* _Prompt_:
Could you filter the data below down to the lines that hold the word "jacket"?
Task material START
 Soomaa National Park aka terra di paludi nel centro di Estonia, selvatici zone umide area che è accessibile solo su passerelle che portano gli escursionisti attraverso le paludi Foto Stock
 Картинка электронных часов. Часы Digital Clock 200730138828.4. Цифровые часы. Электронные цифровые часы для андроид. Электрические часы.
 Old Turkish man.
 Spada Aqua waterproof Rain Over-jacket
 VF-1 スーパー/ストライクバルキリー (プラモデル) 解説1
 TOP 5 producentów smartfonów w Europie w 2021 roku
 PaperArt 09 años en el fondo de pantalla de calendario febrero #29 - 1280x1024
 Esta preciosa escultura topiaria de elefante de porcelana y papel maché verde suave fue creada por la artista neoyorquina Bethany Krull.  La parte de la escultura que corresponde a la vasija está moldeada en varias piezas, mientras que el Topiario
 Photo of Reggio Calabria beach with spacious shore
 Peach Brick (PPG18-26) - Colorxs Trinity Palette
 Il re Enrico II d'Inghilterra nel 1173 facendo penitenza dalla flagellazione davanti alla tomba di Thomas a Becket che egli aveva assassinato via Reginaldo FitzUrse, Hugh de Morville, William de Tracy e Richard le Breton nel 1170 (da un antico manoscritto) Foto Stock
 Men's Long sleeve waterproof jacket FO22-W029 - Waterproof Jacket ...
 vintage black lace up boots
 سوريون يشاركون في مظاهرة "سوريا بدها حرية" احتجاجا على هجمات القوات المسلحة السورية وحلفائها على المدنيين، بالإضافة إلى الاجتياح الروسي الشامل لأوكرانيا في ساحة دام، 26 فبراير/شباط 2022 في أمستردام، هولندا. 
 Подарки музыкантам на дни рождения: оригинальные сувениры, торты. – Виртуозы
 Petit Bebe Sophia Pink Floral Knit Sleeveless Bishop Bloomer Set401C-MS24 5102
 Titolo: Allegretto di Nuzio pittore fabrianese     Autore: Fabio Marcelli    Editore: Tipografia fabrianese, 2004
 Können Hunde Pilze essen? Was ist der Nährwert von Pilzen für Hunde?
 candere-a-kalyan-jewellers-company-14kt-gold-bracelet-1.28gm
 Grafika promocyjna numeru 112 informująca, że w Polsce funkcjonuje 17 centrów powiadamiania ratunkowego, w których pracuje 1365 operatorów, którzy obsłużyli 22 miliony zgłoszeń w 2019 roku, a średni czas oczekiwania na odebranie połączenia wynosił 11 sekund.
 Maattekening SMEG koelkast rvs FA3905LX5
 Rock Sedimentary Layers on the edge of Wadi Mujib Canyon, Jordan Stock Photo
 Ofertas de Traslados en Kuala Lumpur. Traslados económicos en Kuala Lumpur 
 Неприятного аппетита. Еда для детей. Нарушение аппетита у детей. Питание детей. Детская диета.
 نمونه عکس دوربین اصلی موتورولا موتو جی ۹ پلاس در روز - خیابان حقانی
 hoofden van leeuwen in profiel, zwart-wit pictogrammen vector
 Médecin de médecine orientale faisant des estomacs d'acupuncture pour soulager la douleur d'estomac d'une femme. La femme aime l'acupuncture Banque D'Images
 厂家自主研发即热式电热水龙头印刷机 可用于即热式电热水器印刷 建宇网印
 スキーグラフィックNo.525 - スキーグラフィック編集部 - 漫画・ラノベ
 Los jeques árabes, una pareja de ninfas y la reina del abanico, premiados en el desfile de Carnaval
Task material END
* _Response_:
 Spada Aqua waterproof Rain Over-jacket
 Men's Long sleeve waterproof jacket FO22-W029 - Waterproof Jacket ...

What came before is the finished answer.